Len has the pensive look of the cellist Yo-Yo Ma. He never spoke much, and had an air of elegant despair about him. Although he may have seemed stone-faced and emotionless, his eyes betrayed the passion and intensity with which he lived his life. When he did speak, the whole world listened.
Perhaps I never truly understood Len. He told me that he wasn't a healthy person. He wasn't a man who could give women happiness. "If you are smart, you'll keep your distance from me."
In the States, I had taken advantage of being far away from my parents and my rigid culture. I was like a free bird until I met Len, the man who taught me about pain, cruelty, madness, and suffering.
When I was a child, a Buddhist master who passed through my house told my mother that I had some affinity for Buddhism. They call it huigen,wisdom roots. He could see the halo behind my head. Because I had a round, smiling face, all of the adults called me Little Buddha. It's strange that the little me could sometimes see many things. I had premonitions about my primary school language teacher's suicide, my math teacher's lung cancer, and the disappearance of the retarded boy from down the street. I even predicted my parents' separation. They divorced when I was eleven years old – I was so calm people found it incomprehensible. I wonder when I lost the ability to see things as a child. The Little Buddha with wisdom roots couldn't resist the intensity of Len's ardent but melancholy gaze.

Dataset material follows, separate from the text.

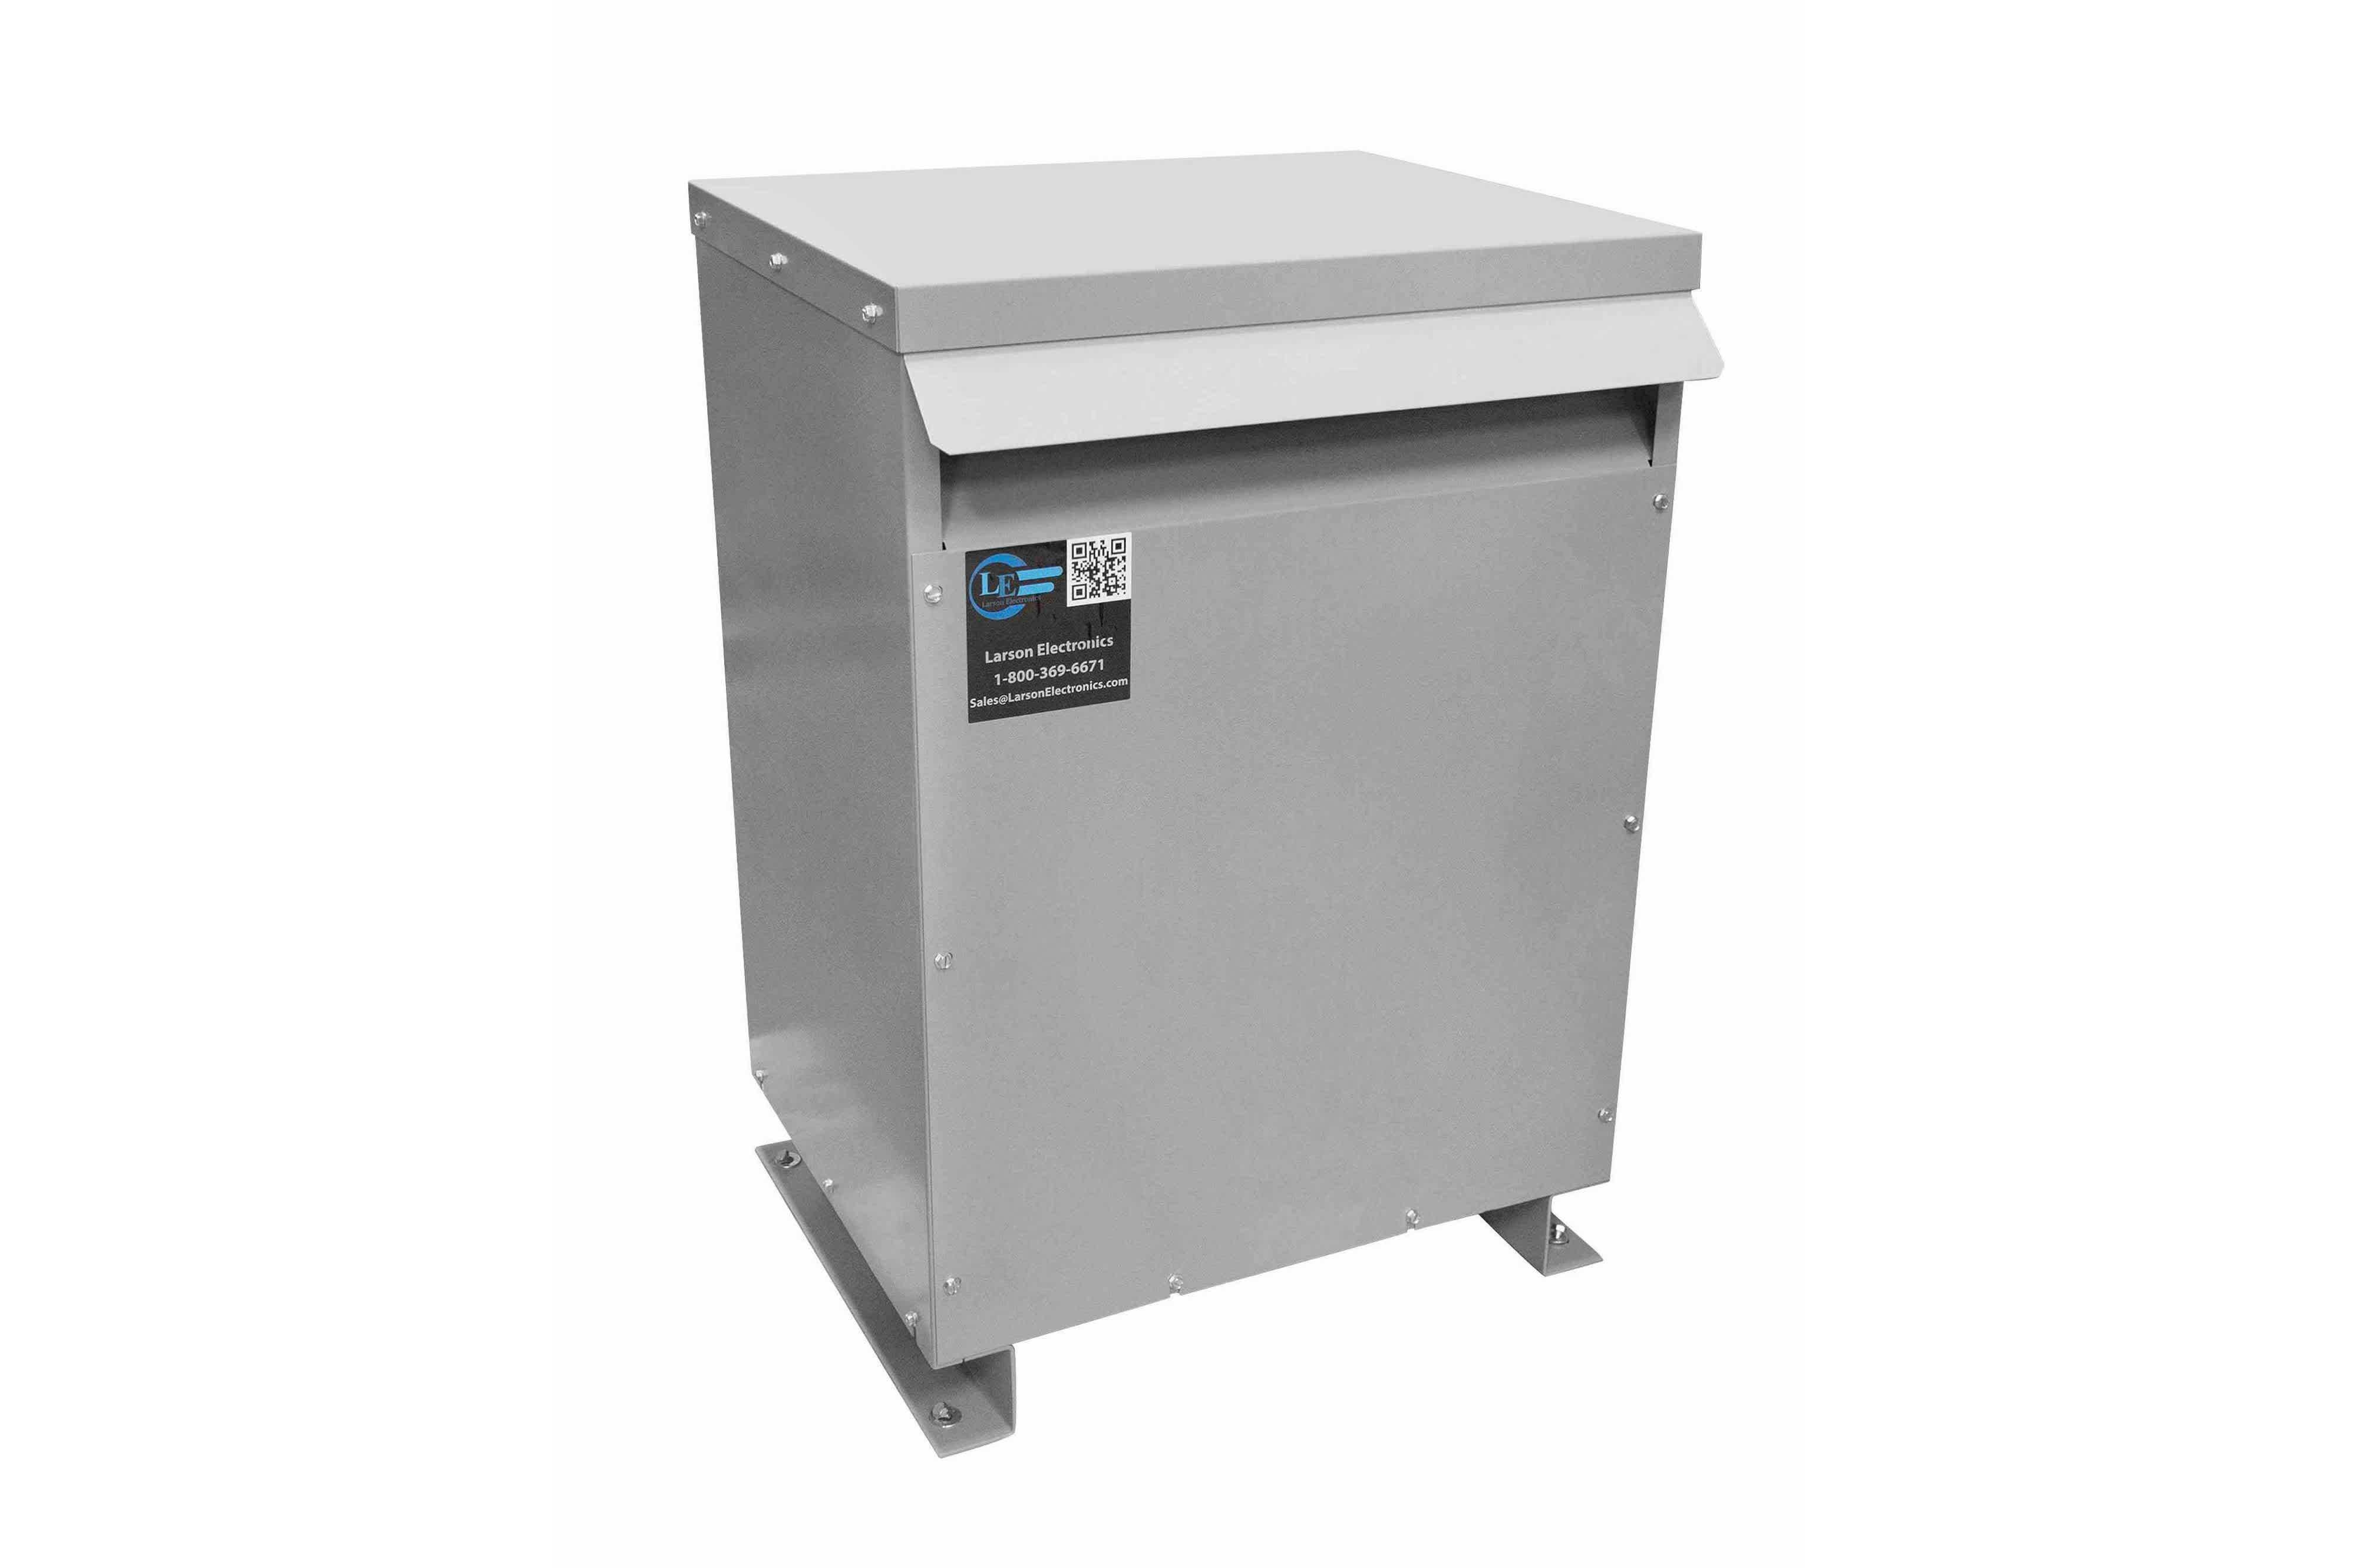 125 kVA 3PH Isolation Transformer, 575V Wye Primary, 415V Delta Secondary, N3R, Ventilated, 60 Hz

There is this Buddhist asceticism: "Free from human desires and passions; physical existence is vanity." I discover that as I grow older, I'm further and further away from being "free from human desires and passions." Why did I succumb to obsession, violating the greatest taboo in Buddhist doctrine? Why did love so confuse my heart and mind? Beibei says I'm a qingzhong, the seed of emotions. I don't object to it. After all, my parents pursued their forbidden love out of their mutual irresi
stible attraction. I'm a product of passion.
Here, in this entertaining, ever-changing China, all those memories of Len and the times we shared seem so far away – as far away as America itself. I sometimes find myself going days, or even weeks, without thinking about Len at all. When I do think about him, it is as if he is a burglar who has somehow snuck past the security of my busy mind and is robbing me of the peace I came to China to find.
I, the young female journalist, seem to have it all here: good pay, a nice job, a busy social life. But I still get bored easily, and I constantly look for excitement. Seek pleasure, avoid pain: perhaps I'm becoming a hedonist like Beibei. Even if a hedonist's life has no meaning, at least it is comfortable. Comfort, home, for me are vital.
POPULAR PHRASES
ERGUOTOU: Fiery Chinese corn liquor.
QINGZHONG: The seed of emotions; refers to awful romantic partners.
HUIGEN: Wisdom roots, affinity with Buddhism.
9 Taking Revenge on Chinese Women
As my friends and I are talking about Jeremy Irons, the doorbell rings. Here comes a Chinese man, a stranger.
"Is this where the Jeremy Irons fan club is meeting?" he asks, hesitating.
"Yes. Are you a fan as well?" I ask.
"Yes. My name is John," the man says. He is a bit nervous.
"Yes. Come on in. Let's watch Damage together." I let him in.
John has reasons to be nervous. All the other fan members at my house are women.